▶ [EXERCISE AIM] Keeping every word the same, give again only the lines from the one with "Knl Labels on the underside." through the end of the data, both included, and leave every picture out.

Records drawn from a dataset:

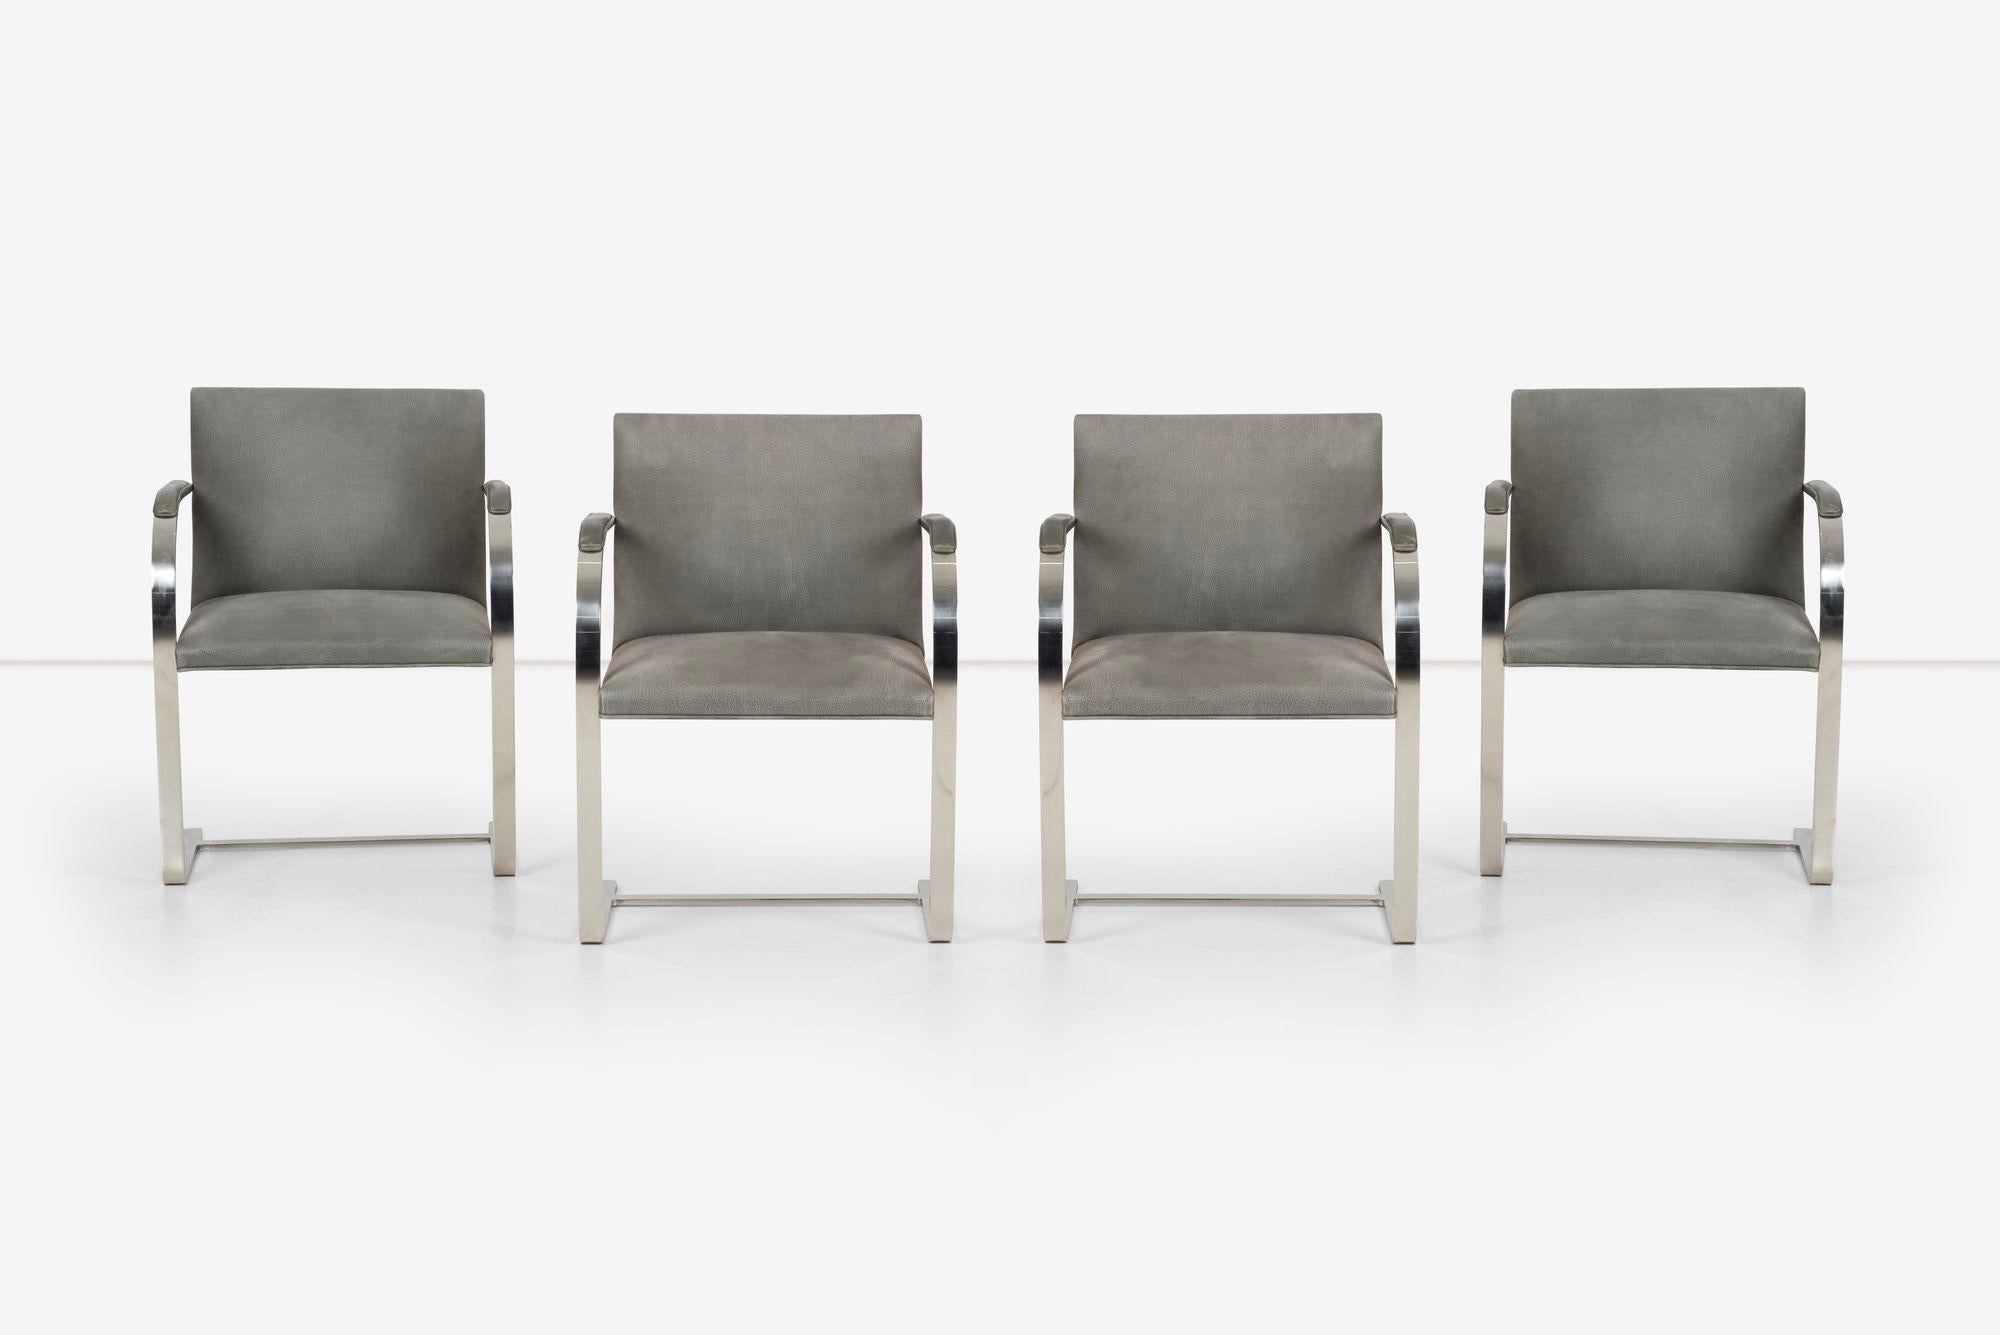 Mies van der Rohe for Knl set of Four Bruno chairs with arm pads, Original Gray leather with stainless steel frames.
* Seat Height (in): 17.5
* Arm Height (in): 25.75

Knl Labels on the underside.
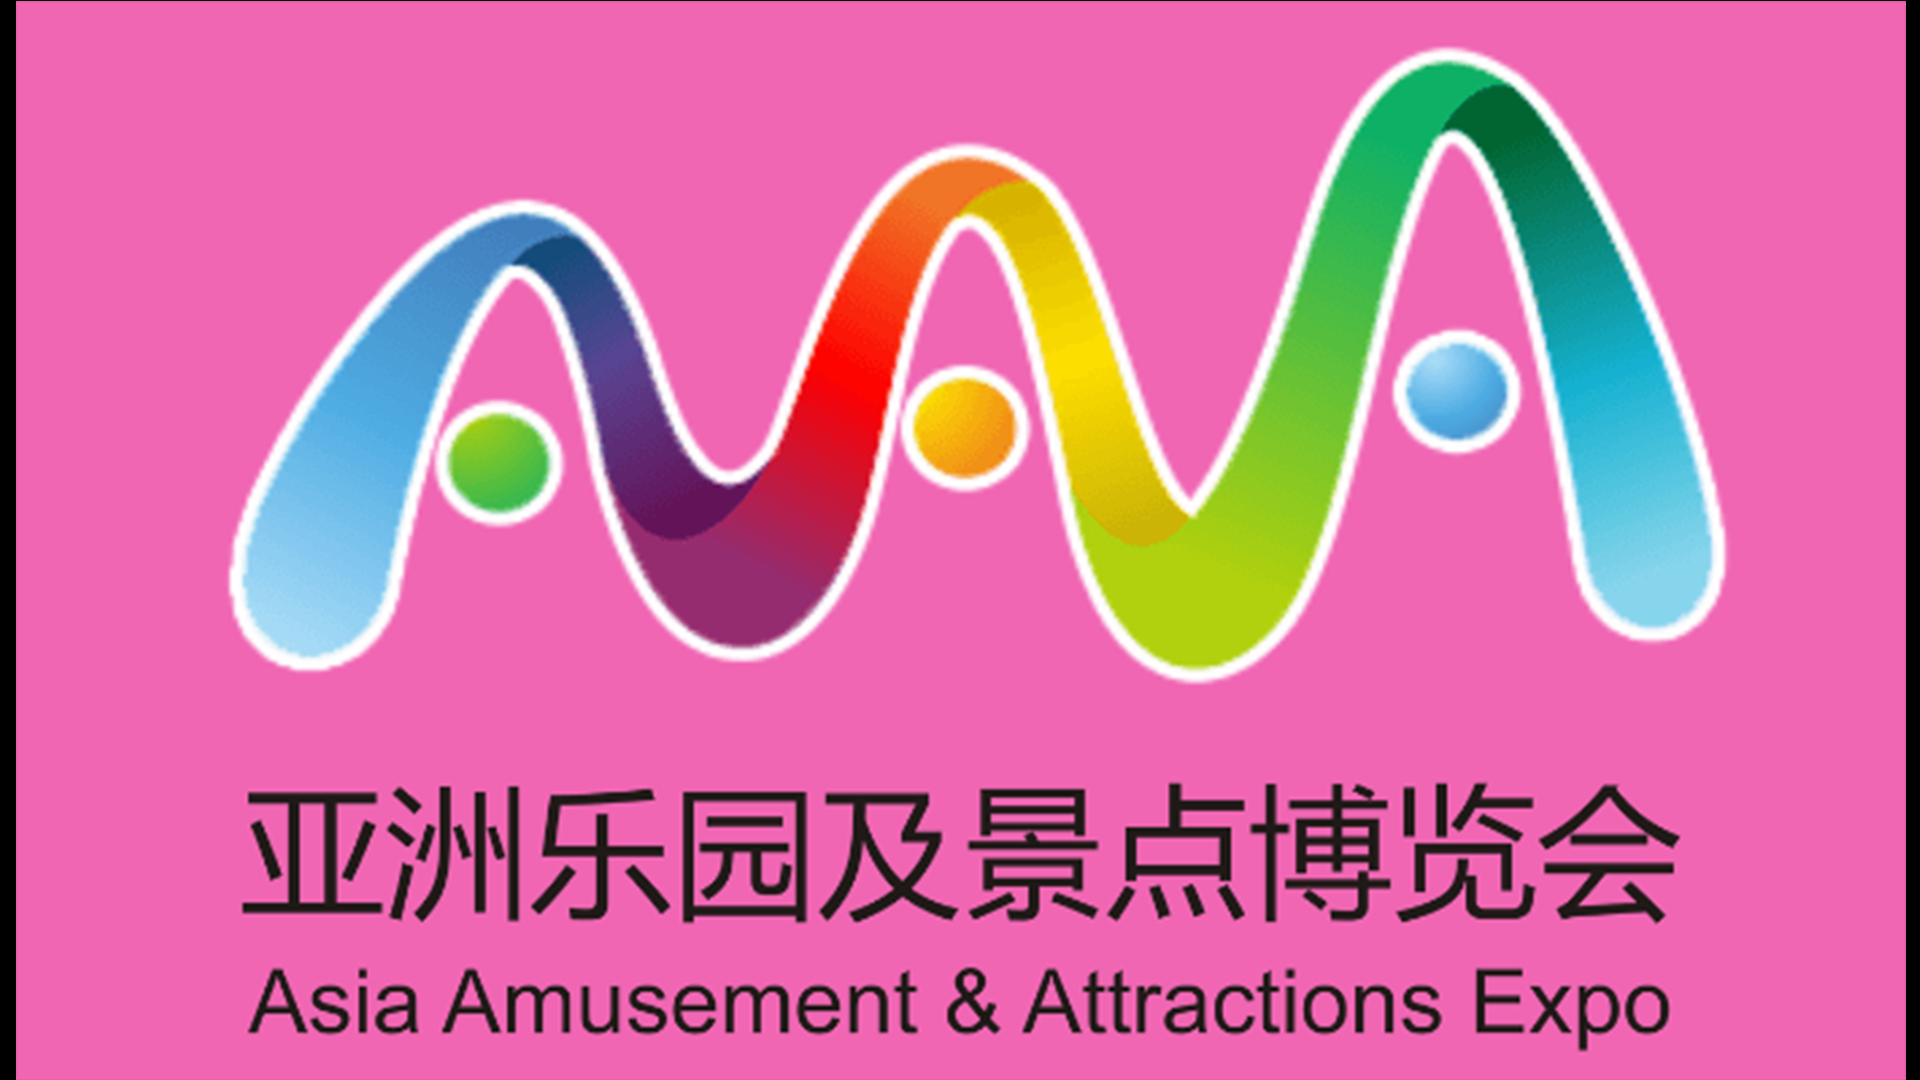 Asia Amusement & Attractions Expo (AAA 2020)

▶ [TASK SOLUTION]
Knl Labels on the underside.
 Asia Amusement & Attractions Expo (AAA 2020)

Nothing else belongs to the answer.